# [INSTRUCTIONS FOR THE TASK]
Give back the full listing as written. No pictures go with it.

# [THE DATA]

* * *

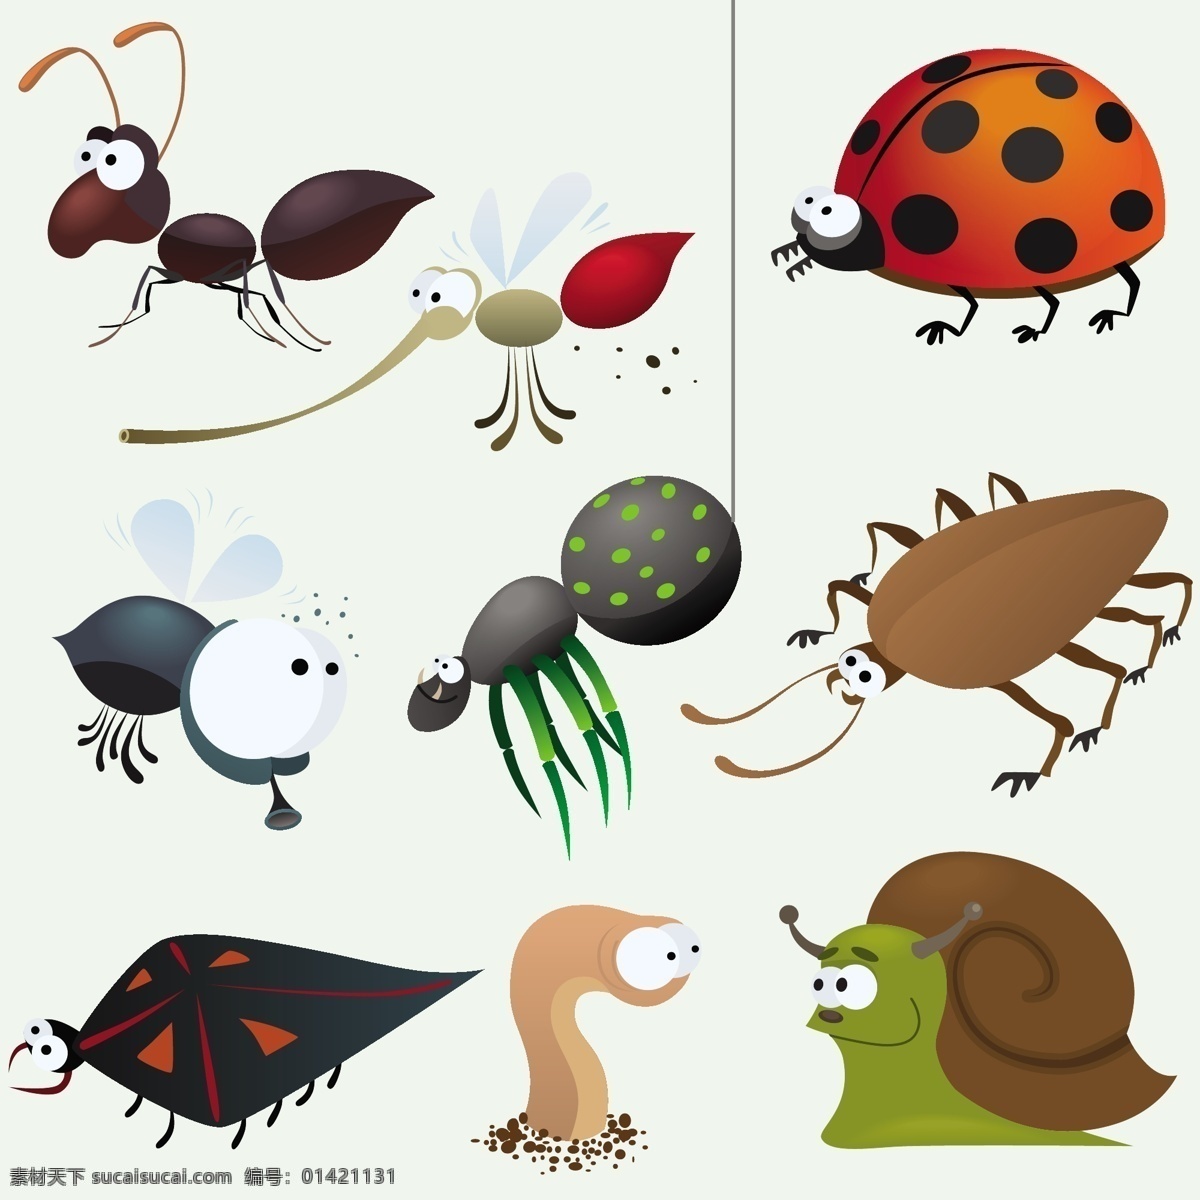 卡通 昆虫 矢量 材料 动物 可爱 蚂蚁 瓢虫 矢量素材 蚊子 蜗牛 蚯蚓 蜘蛛 矢量图 矢量人物
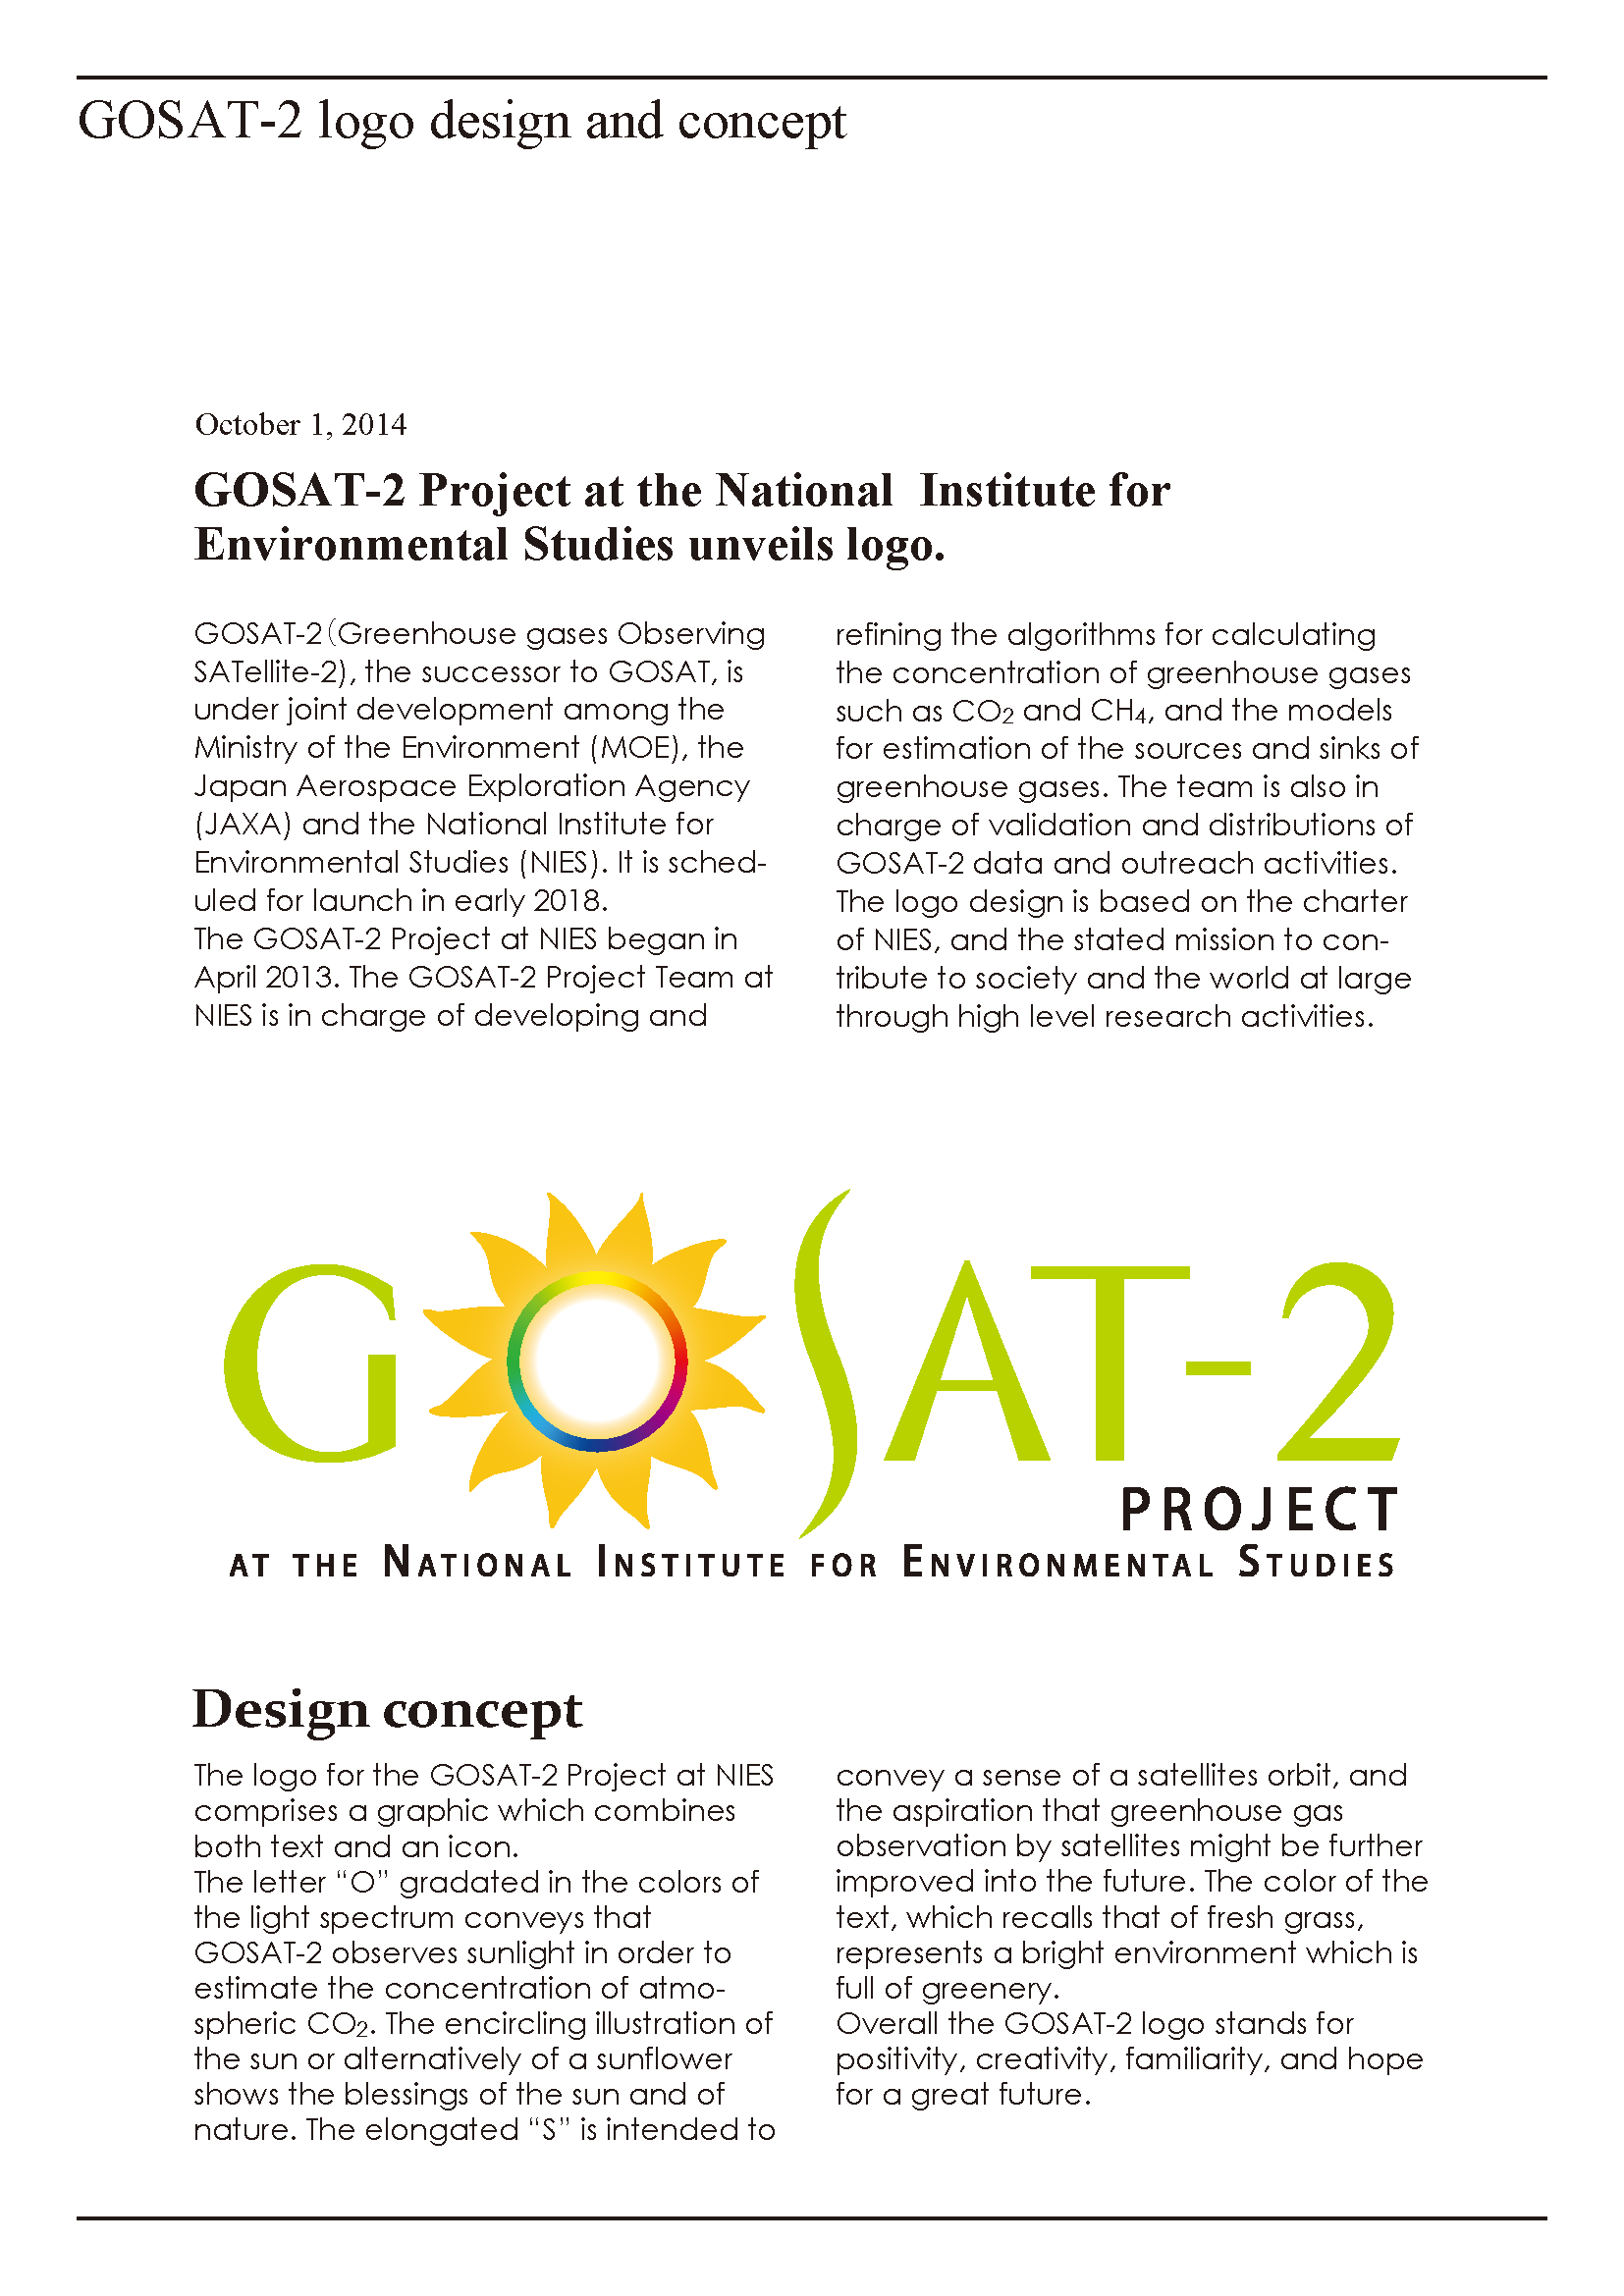 GOSAT-2 Logo Concept
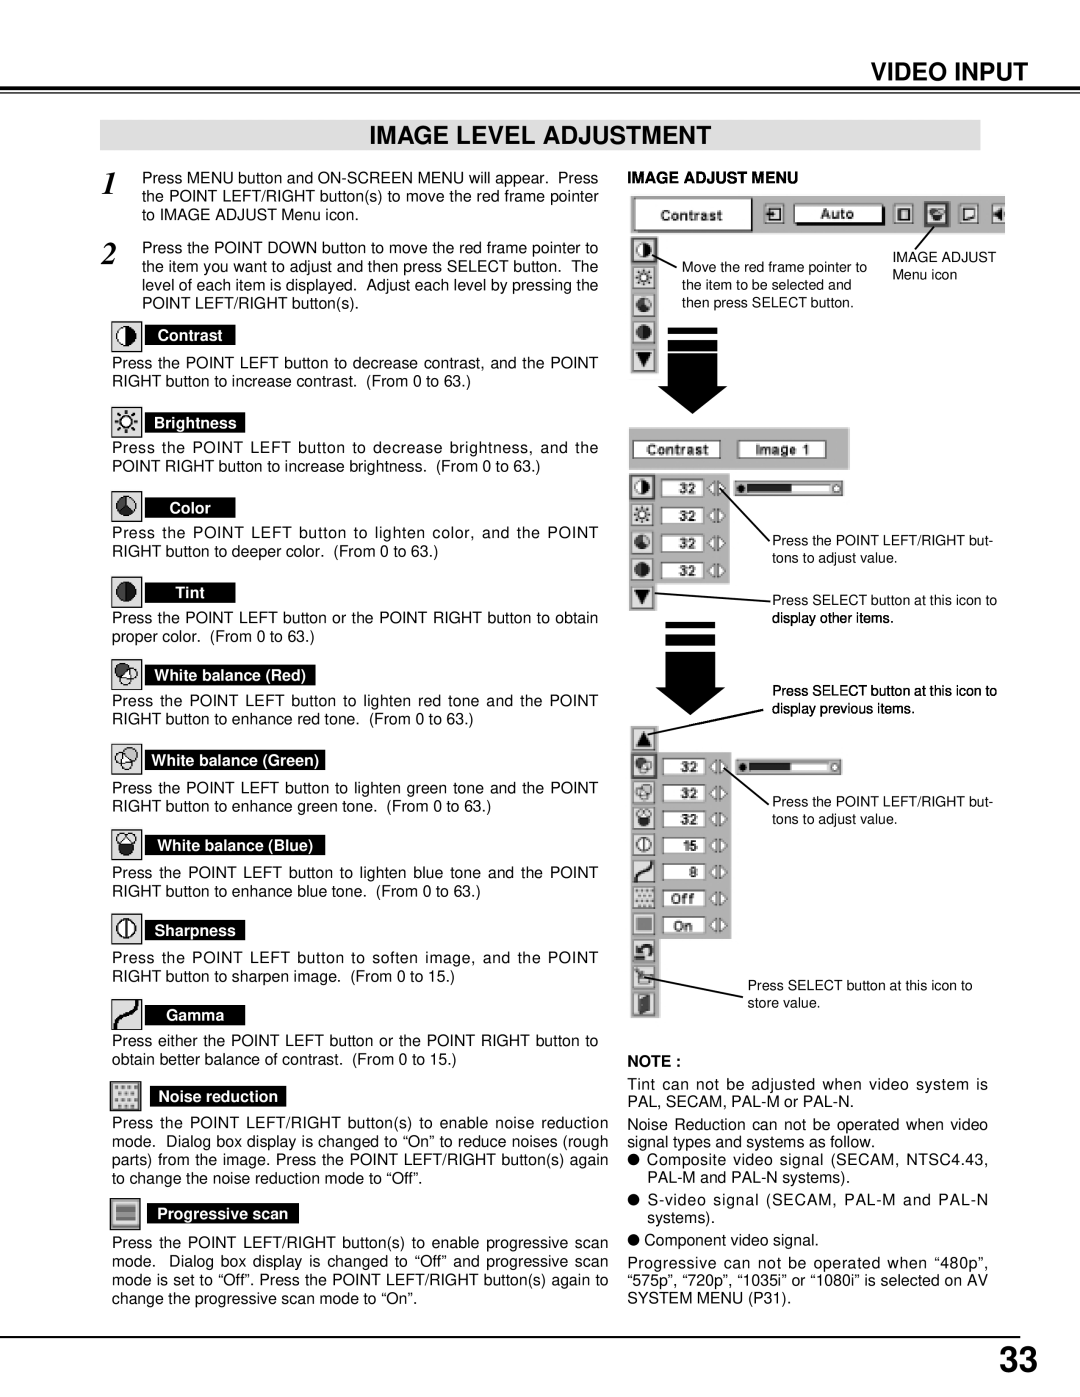 Christie Digital Systems 38-VIV205-01 user manual Video Input Image Level Adjustment, Image Adjust Menu

* * *

# [YOUR RESPONSE]
 卡通 昆虫 矢量 材料 动物 可爱 蚂蚁 瓢虫 矢量素材 蚊子 蜗牛 蚯蚓 蜘蛛 矢量图 矢量人物
 GOSAT-2 Logo Concept
 Christie Digital Systems 38-VIV205-01 user manual Video Input Image Level Adjustment, Image Adjust Menu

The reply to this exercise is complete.